Everything I have ever bought from Giant has been first class and very good quality. 

The wheels I bought from Neuvation totally tacoed out on me and failed during an easy spin. Naturally, after having the Neuvation experience I vowed off them for life. The Neuvation bladed spokes were horrible in crosswinds and flexed way to much for me to be comfortable on.

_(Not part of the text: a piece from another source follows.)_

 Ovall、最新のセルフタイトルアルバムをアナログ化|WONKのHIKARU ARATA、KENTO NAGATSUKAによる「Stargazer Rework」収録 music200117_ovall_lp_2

However seeing that you have ridden Neuvations and enjoy them, why not stay with them and sell your Giant wheels on ebay. See, everyone's experiences can be different. You need to take your product knowledge and use it. I will take my experiences and do the same. There is really no reason to ask a question that you already have the answer to. Post a pic of your new Giant, I would love to see it. ..Have fun!


----------



## BergMann (Mar 14, 2004)

You've got both wheels right there: why not go out and put them through their paces?
You're not talking about the difference between a Zipp 808 and a box-profile rim aerodynamically, so it's going to come down to ride quality.
If I were you, I'd go out and do a 15-20 mile hilly loop on the new wheels, stop by home & swap wheels, and go ride it again.
I know I for one would be interested in hearing how the Giant wheels ride.
I'm considering picking up a set of their new 2012 P-SLR1 wheels when they come out.
Are the wheels that came on your bike also the newer, 21mm wide, DT-produced clincher rim design?


----------



## LC (Jan 28, 2004)

You already have the Neuvation wheels so why not try them on the Giant and see if you like them better? 

If there are different number of cogs between the bike then you will have to swap the cassette too. If you don't know how to swap a cassette then it is time to get the tools and learn how


----------



## MRM1 (Sep 13, 2008)

Hooben said:


> The Neuvation bladed spokes were horrible in crosswinds.
> 
> Post a pic of your new Giant, I would love to see it. ..Have fun!


Yes I have experienced that a time or 3 with the bladed spokes.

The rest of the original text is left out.